The zero address and the NULL pointer are not (necessarily) the same thing. Only a literal zero is a null pointer. In other words:

char* p = 0; // p is a null pointer

char* q = 1;
q--; // q is NOT necessarily a null pointer

Systems are free to represent the null pointer internally in any way they choose, and this representation may or may not "waste" a byte of memory by making the actual 0 address illegal. However, a compiler is required to convert a literal zero pointer into whatever the system's internal representation of NULL is. A pointer that comes to point to the zero address by some way other than being assigned a literal zero is not necessarily null.

Now, most systems do use 0 for NULL, but they don't have to.

Tyler McHenry
+3  A: 

On many processors address zero is the reset vector, wherein lies the bootrom (BIOS on a PC), so you are unlikely to be storing anything at that physical address. On a processor with an MMU and a supporting OS, the physical and logical address addresses need not be the same, and the address zero may not be a valid logical address in the executing process context.

Clifford
+4  A: 

It is not necessarily an illegal memory location. I have stored data by dereferencing a pointer to zero... it happens the datum was an interrupt vector being stored at the vector located at address zero.

By convention it is not normally used by application code since historically many systems had important system information starting at zero. It could be the boot rom or a vector table or even unused address space.

Amardeep
A: 

But since modern operating systems can map the physical memory to logical memory addresses (or better: modern CPUs starting with the 386), not even a single byte is wasted.

Daniel
If I had three GB of RAM and a 32-bit OS, it would waste a whole 4096 byte page.
kmm
@kmm No. It's just that the bottom page of the virtual address space of each process is not mapped. The actual physical page 0 can still be used (assuming it is RAM) and can be mapped anywhere into any of the processes' address space.
JeremyP
The virtual address space of a 32 bit OS is only 3 GB for each process. If I have 3 GB RAM, and there needs to be at least one NULL pointer, somewhere, you're wasting a page of memory.
kmm
+1  A: 

NULL is typically the zero address, but it is the zero address in your applications virtual address space. The virtual addresses that you use in most modern operating systems have exactly nothing to do with actual physical addresses, the OS maps from the virtual address space to the physical addresses for you. So, no, having the virtual address 0 representing NULL does not waste any memory.

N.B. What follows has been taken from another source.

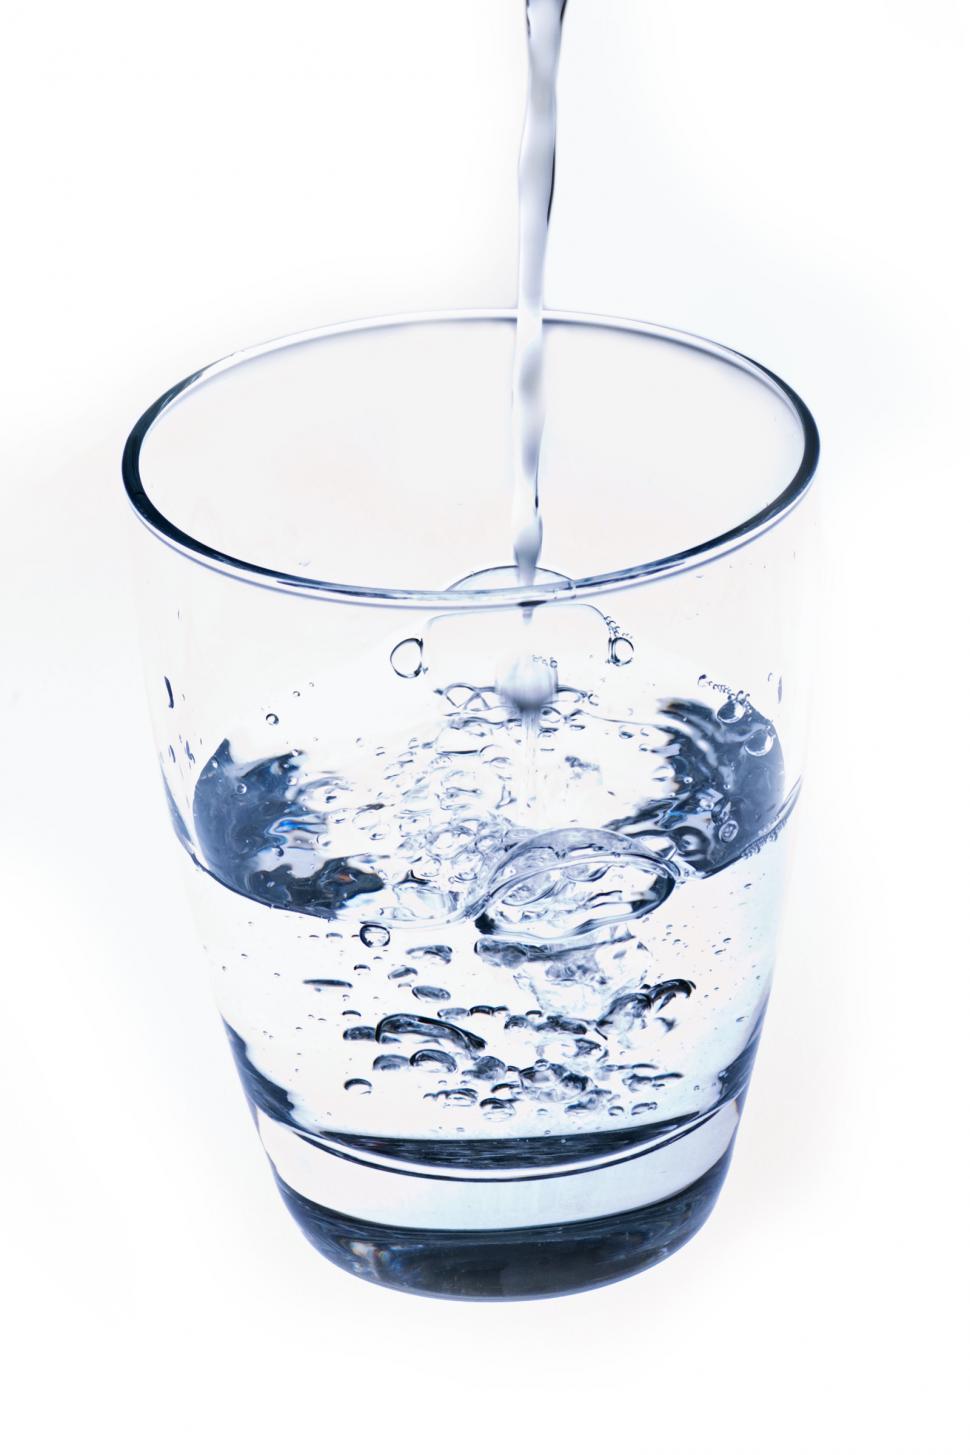 Free Image of Glass of Water

Read up on virtual memory for a more involved discussion if you're curious.

Donnie
This only works on those OS's that support a virtual address range. On embedded systems, the address 0 is valid (especially if there is something located there, like RAM or a UART).
Thomas Matthews
A: 

As people already have pointed out, the bit representation of the NULL pointer has not to be the same as the bit represention of a 0 value. It is though in nearly all cases (the old dinosaur computers that had special addresses can be neglected) because a NULL pointer can also be used as a boolean and by using an integer (of suffisent size) to hold the pointer value it is easier to represent in the common ISAs of modern CPU. The code to handle it is then much more straight forward, thus less error prone.

tristopia
A: 

You are correct in noting that the address space at 0 is not usable storate for your program. For a number of reasons a variety of systems do not consider this a valid address space for your program anyway.

Allowing any valid address to be used would require a null value flag for all pointers. This would exceed the overhead of the lost memory at address 0. It would also require additional code to check and see if the address were null or not, wasting memory and processor cycles.

Ideally, the address that NULL pointer is using (usually 0) should return an error on access. VAX/VMS never mapped a page to address 0 so following the NULL pointer would result in a failure.

BillThor
+1  A: 

I don't see the answers directly addressing what i think you were asking, so here goes:

Yes, at least 1 address value is "wasted" (made unavailable for use) because of the constant used for null. Whether it maps to 0 in linear map of process memory is not relevant.

And the reason that address won't be used for data storage is that you need that special status of the null pointer, to be able to distinguish from any other real pointer. Just like in the case of ASCIIZ strings (C-string, NUL-terminated), where the NUL character is designated as end of character string and cannot be used inside strings. Can you still use it inside? Yeah but that will mislead library functions as of where string ends.

I can think of at least one implementation of LISP i was learning, in which NIL (Lisp's null) was not 0, nor was it an invalid address but a real object. The reason was very clever - the standard required that CAR(NIL)=NIL and CDR(NIL)=NIL (Note: CAR(l) returns pointer to the head/first element of a list, where CDR(l) returns ptr to the tail/rest of the list.). So instead of adding if-checks in CAR and CDR whether the pointer is NIL - which will slow every call - they just allocated a CONS (think list) and assigned its head and tail to point to itself. There! - this way CAR and CDR will work and that address in memory won't be reused (because it is taken by the object devised as NIL)

ps. i just remembered that many-many years ago i read about some bug of Lattice-C that was related to NULL - must have been in the dark MS-DOS segmentation times, where you worked with separate code segment and data segment - so i remember there was an issue that it was possible for the first function from a linked library to have address 0, thus pointer to it will be considered invalid since ==NULL

Nas Banov
Thanks for the interesting answer. However, `char *foo = (void *)1;--foo; // do something with foo` seems to indicate that the addres is not actually wasted after all?
aioobe
@aioobe - it is more the case of "you shouldn't", not "you can't". It depends on the compiler/environment - in some runtime de-referencing of NULL will be detected and prevented. Not to mention that use of memory not provided by malloc/OS is heresy! :-)
Nas Banov